Однако ее чувству к Д. Д. суждено было рассеяться как дым, как, впрочем, рассеивается любое романтическое чувство – хоть безжалостно задавленное, хоть не встретившее препон. В нашем случае, как мне представляется, этому способствовали практические и бытовые соображения, донимавшие Д. Д. По природе своей он быстро всем пресыщался. По завершении все его подобные романы, даже самые пылкие и патетические, заносились им в список занятных или ценных движений разума или души – в зависимости от силы и сущности художественного или интеллектуального толчка, который стал их причиной. Такие-то и такие-то отношения, там-то и там-то приключившиеся, навели его на такие-то выводы и размышления. Но я не могу поверить, что Эстер Норн с тем же хладнокровием и скрупулезностью оценивала свою жизнь и поступки.

Как бы то ни было, год спустя у Д. Д. внезапно случился кризис, который омрачил, а точнее, изменил для него всю суть этой трогательной и поэтической истории. Старшего сына, любящего, умного и при этом чрезвычайно романтичного юношу, своего любимца, Д. Д. отправил в одну из технических школ на Западе, где он внезапно скончался от какой-то заразной болезни, причем еще до того, как отец или мать сумели к нему приехать, – и случилось это тогда, когда роман Д. Д. с Эстер Норн был еще на пике. Внезапный удар, нанесенный ему жизнью, видимо, произвел на него самое гнетущее впечатление – даже в большей мере, чем я мог предположить. Он погрузился в глубокое черное отчаяние, столь беспросветное, что оно заставило его отрешиться от жизни и в тщетном, да еще и, как мне представляется, слабодушном порыве заняться переоценкой всех высших ценностей. Прав ли он был, ведя то существование, которое вел? Является ли индивидуализм, как противоположность социализма, верным подходом к сфере человеческих привязанностей? А как теперь оценивать его философские и практические умозаключения касательно того, что он видел на этой земле? Однажды вечером, часов в десять, в мою старенькую студию на Десятой улице явился подавленный, заплаканный человек, постаревший, измученный, а кроме того, как это ни прискорбно, несколько оглушенный спиртным.

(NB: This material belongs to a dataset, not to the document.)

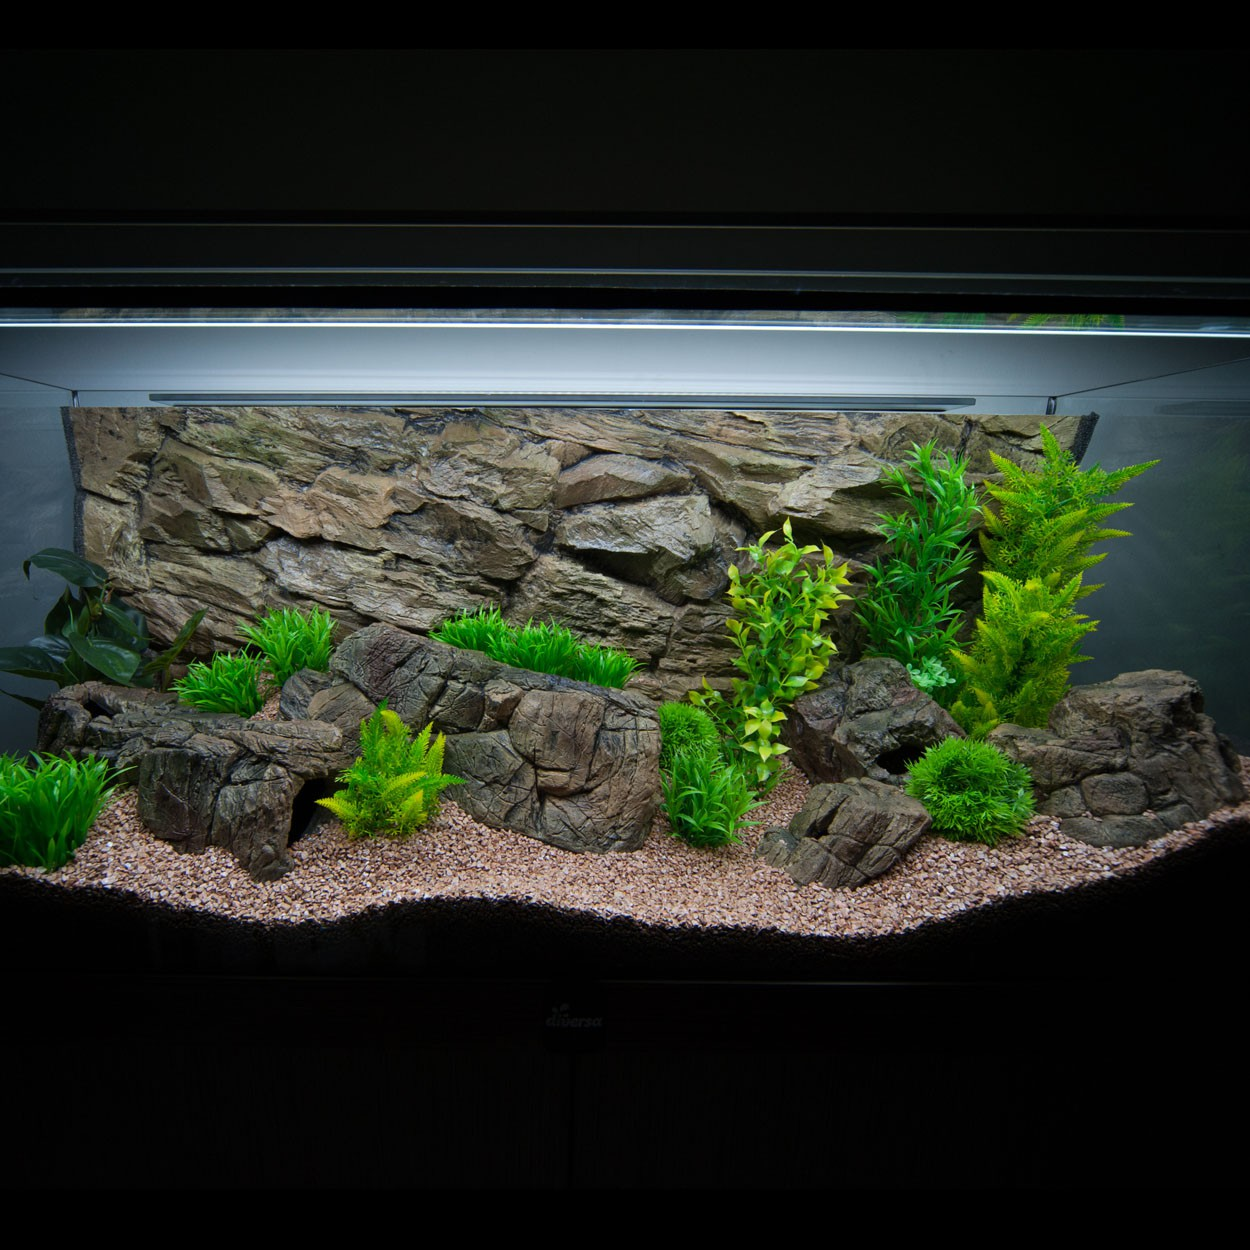 3d aquarium r ckwand f r vision 450 s line fif aquaristik. Black Bedroom Furniture Sets. Home Design Ideas

И вот полились бессвязные речи о первом, видимо, в его жизни тяжком потрясении. Его сыночек! Его сыночек! Горе! Горе! Опустошенный до самого дна, он, судя по всему, задался вопросом (как задавались в старину «согрешившие» против своей веры) о духовной и этической связи всех его прошлых поступков с ним самим, его детьми, женой, жизнью, силами, властвующими над мирозданием. Возможно – так он мне заявил с полными слез глазами, – не столь уж надуманна теория о поведении и моральных обязательствах перед другими людьми во времена экономических или общественных бурь, которой придерживаются ныне столь многие. Возможно, существует если не божество, то нечто иное, некое химическое или психическое равновесие, сокрытое во всех вещах и ответственное за мировой порядок – или необходимость такового. И способно ли оно наказать за отступничество кармическим воздаянием – причем здесь и сейчас, а не впоследствии? Говоря иными и более простыми словами Господа: «Мне отмщение, и Аз воздам».

Безусловно, из любого поступка проистекает импульс или побуждение к таковому. Но куда именно он направлен? И сумма, и сущность многих нелицеприятных поступков может привести к выводу о нелицеприятности тебя самого или других – если рассуждать здраво. Я готов это признать, был готов и тогда. Однако не было у меня желания признавать, что именно человек, неприкаянный и одинокий, столь глубоко и неразрывно укорененный в тех силах, что вызвали его из небытия и при этом движут им столь механистически, несет всю полноту ответственности за то, что он делает, чувствует, к чему стремится. А может, в ответе жизнь? Бог? Электроны? Протоны? Собственно электричество? Почему нет? Как видите, меня потянуло в механицизм и бихевиоризм. Тем не менее самоуничижительность нынешнего его настроения не вызвала у меня ни сочувствия, ни уважения. Не то чтобы я так уж сильно его винил, однако, безусловно, с глубоким презрением отнесся к столь малодушной перемене настроения, вызванной взаимодействием разнонаправленных сил, химических эманаций и обстоятельств, – ибо всего час или неделю назад это настроение было прямо противоположным. Да, я всей душой любил его сына, горячо сочувствовал ему и его жене, однако не смог не высказать своих чувств. А кроме того, я не мог не видеть разительного контраста между глубиной его переживаний, связанных с личной утратой, и привычным его поверхностно-беспечным невниманием к горестям других – их он считал лишь результатом экономических и химических сдвигов, которые, в силу самой своей сути, не способны никого глубоко затронуть. Мы не то чтобы поссорились, однако он не получил от меня особой душевной поддержки, на каковую, видимо, рассчитывал, – и потому скоро ушел.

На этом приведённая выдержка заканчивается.